The central idea behind Prahalad’s concept of co-creation is that an organisation can only co-create products and services with consumers, when it knows precisely what it is good at. Firms can then leverage such knowledge and use consumers’ insights to innovate. Such knowledge is the firm’s ‘core competency’. Prahalad states the need to channelize every decision in the organisation towards identifying and building the core competencies of the firm. And the process of identification and building can make or break an organisation. Therefore, both appear to be at once intriguing and challenging. With shortening technology and product life-cycles the challenges are only mounting; it calls for deftness in identifying market signals, albeit weak, early; it also calls for swift ways to create a future in line with weak market signals that forewarn change and translate it into a product/service that consumers never thought of but definitely need. In some sense, creating the future is the strategic intent of a firm. That intent also defines the firm, its market and is the key to invent new markets and exploit emerging ones. Strategic intent is the basis for defining the portfolio of competencies, says Dr C. K. Prahalad; and it is here that co-creation may abound. Firms, such as Honda and Apple, have won races for global brand dominance by creating a wide variety of products from core competencies and thereby have built an image, customer loyalty and access to distribution channels for all their products. Including firms that have thought of markets in unconventional areas, such as the Base of the Pyramid have greatly profited. Is there really a fortune?

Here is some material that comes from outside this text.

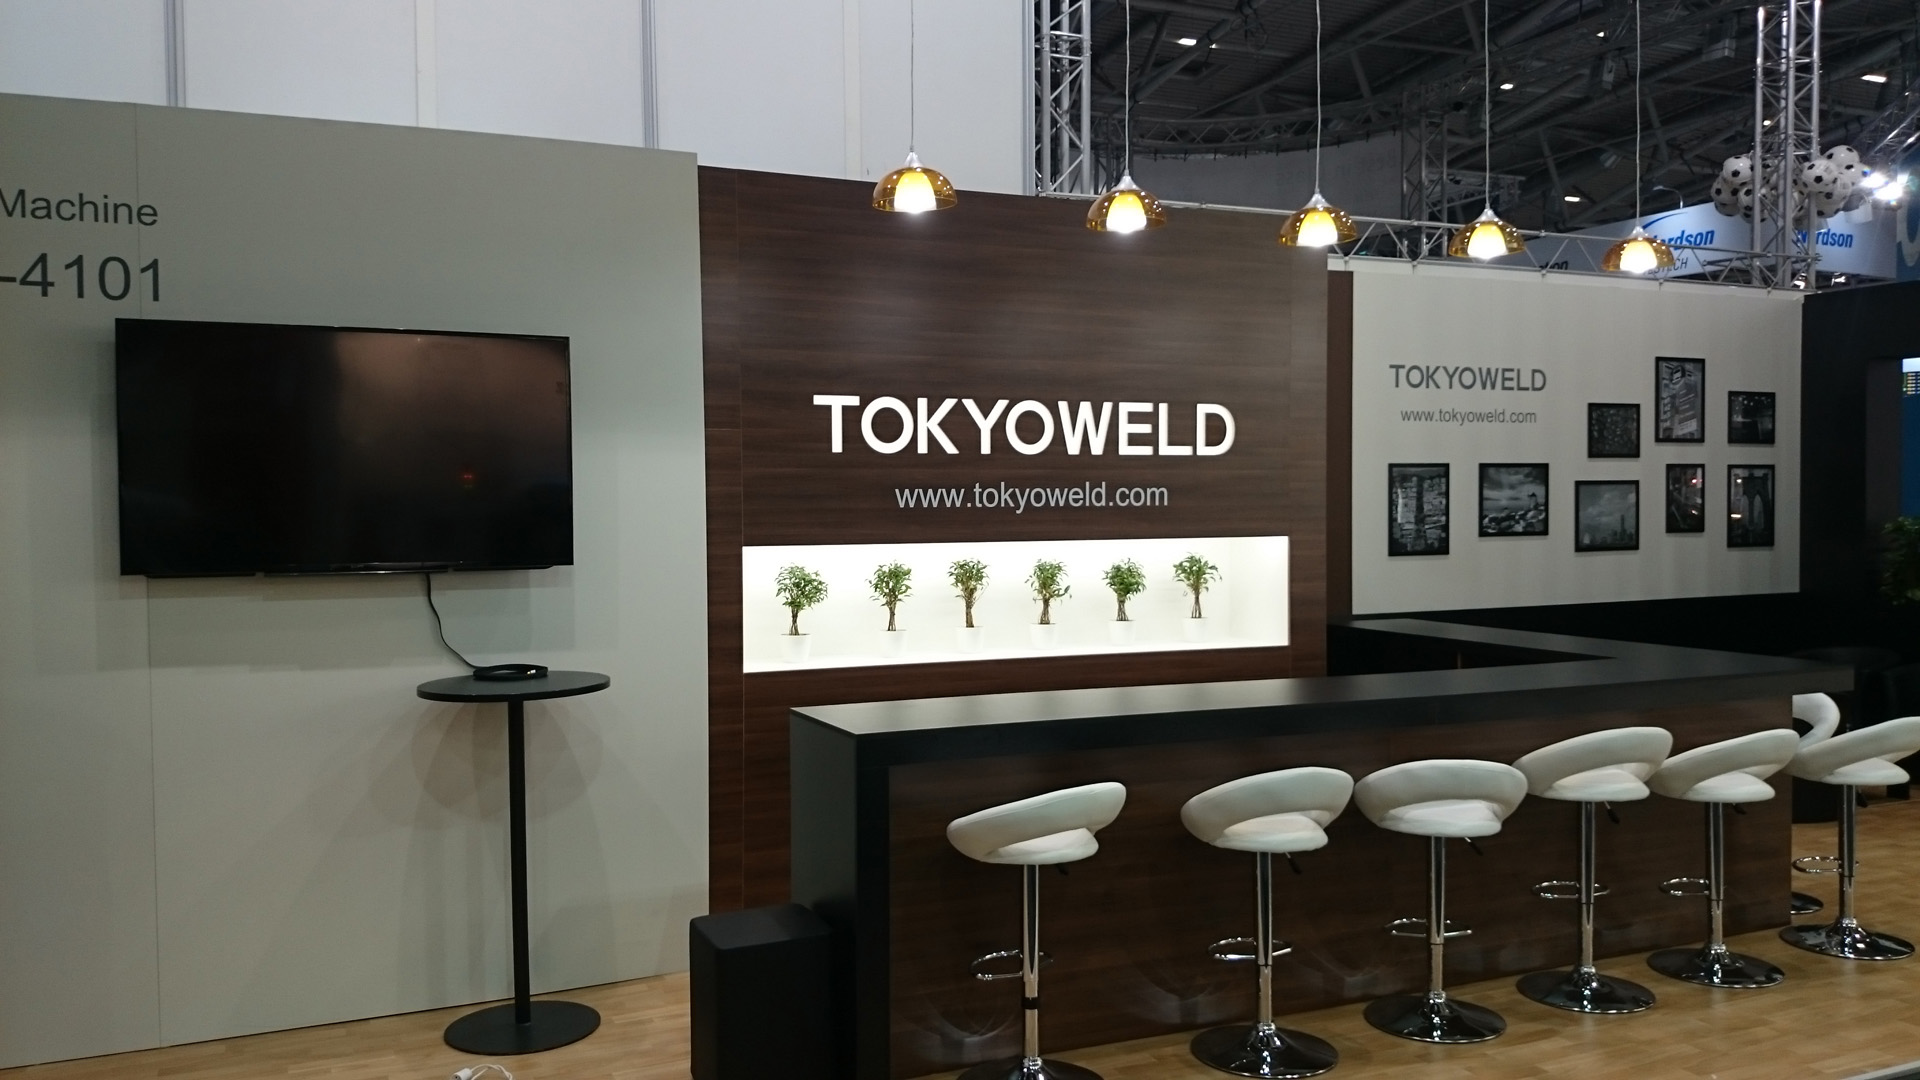 Tokyoweld Productronica Munchen

Fortune at the Base of the Pyramid

Dr Prahalad’s discussion with the senior management of ING had a very thought provoking question. “Are you willing to change the way you work and not limit your reach, or do you maintain the way you work and walk away from opportunities?” This question was a call for firms across all sectors to work beyond the comfort zones of the top of the pyramid in any country. In a world where the poor abound, Prahalad believed that every business can ‘make a new box’ for itself by choosing to provide world-class goods or services at prices affordable to the poorest people and also reap profits. In some sense, inclusion of the Base of the Pyramid was no more an option but a central part of the growth story.

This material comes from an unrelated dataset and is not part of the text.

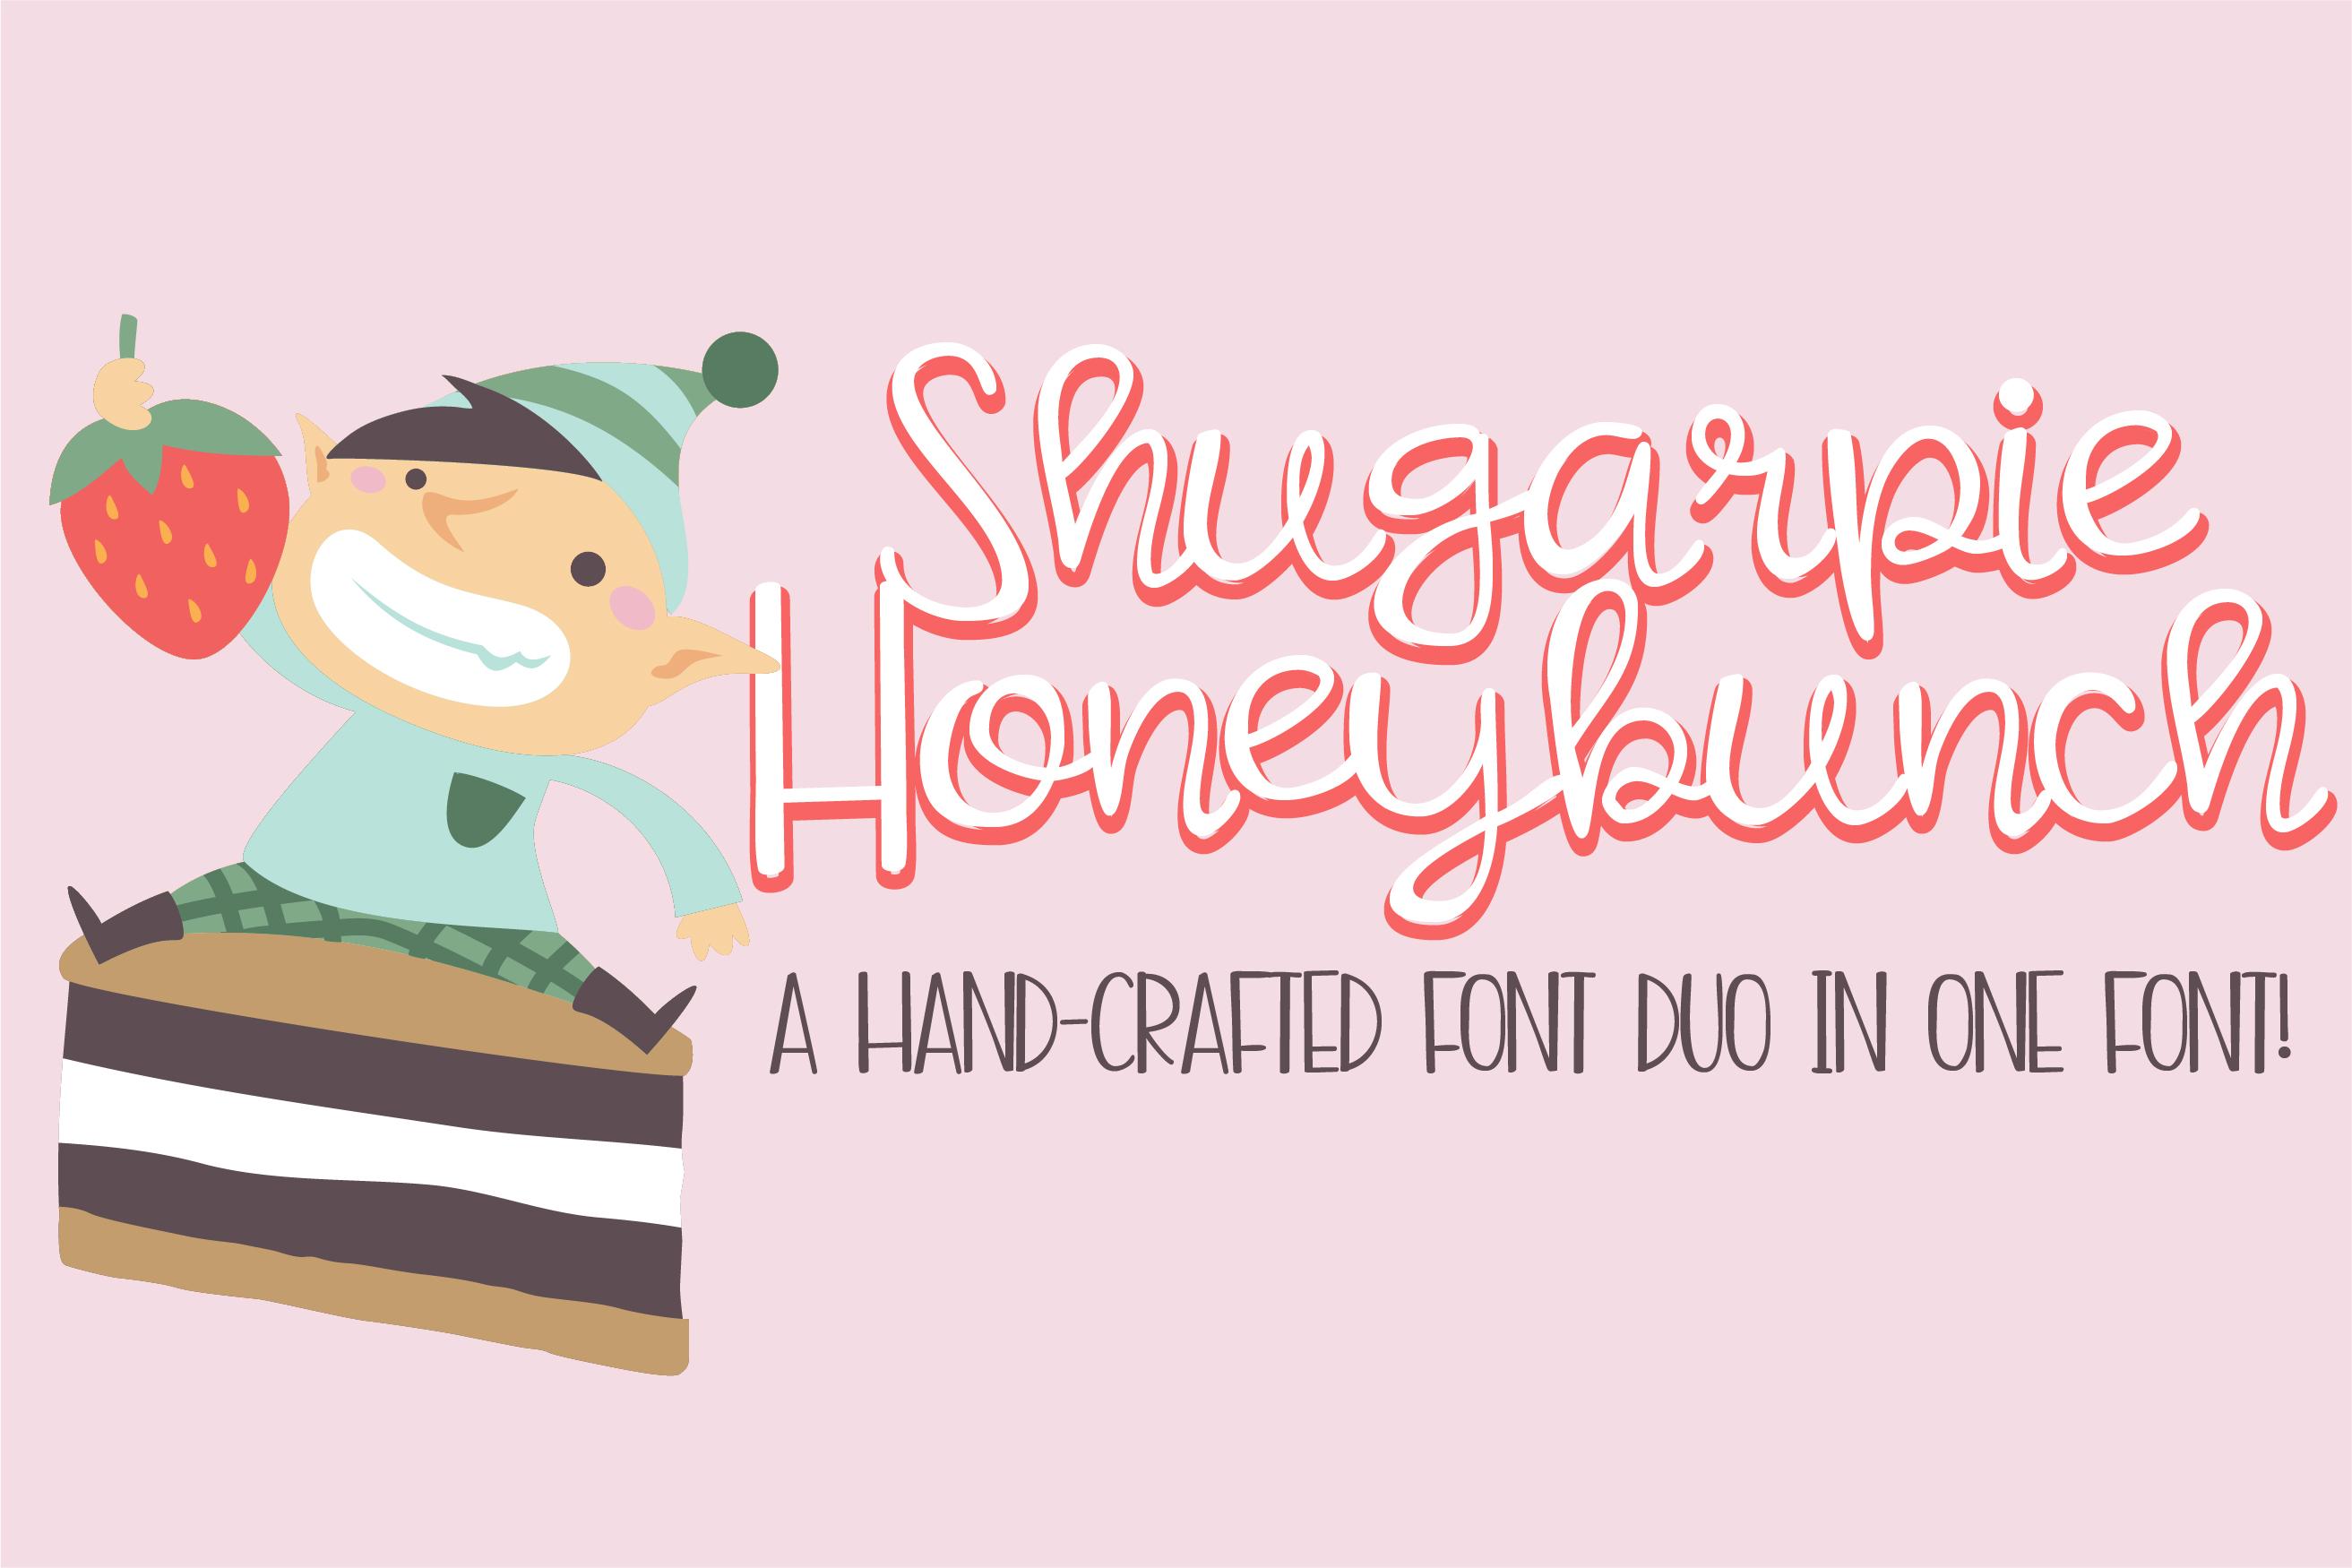 PN Shugarpie Honeybunch example image 1

Hollard Group’s insurance sector in Africa built a base of 600,000 customers by selling simple funeral policies targeting the tradition of elaborate and expensive funerals. Several in India consider the sachet shampoo a revolution in BOP marketing. The BOP demands real value for money not necessarily lesser and cheaper. It calls for re-engineering the products. Firms that target such markets and wish to mine the fortune have to have a clear strategic intent, possess carefully crafted core-competencies, laboriously work with consumers to co-create the products, and elaborately plan a distribution model. Besides real fortune, HUL argues that the need for a focus on BOP today is critical for sustainability of the organisations. Hindustan Unilever’s Shakti Entrepreneurial Programme helps women in rural India set up small businesses as direct-to-consumer retailers. The scheme equips women with business skills and a way out of poverty as well as creating a crucial new distribution channel for Unilever products in the large and fast-growing global market of low-spending consumers.

However to innovate, create, and distribute products to a population that barely earns enough for two square meals a day and in a manner that really adds value to them is a challenge to say the least. How can one with true intent provide real value to a set of people who probably may not have bought anything significant ever? Is this a philanthropic model? Or is there really a fortune at the base of the pyramid? In the sixth edition of Insight ’11, LIBA is proud to set a platform to deliberate on Dr C. K. Prahalad’s ideas: next practices, core competence and inclusion.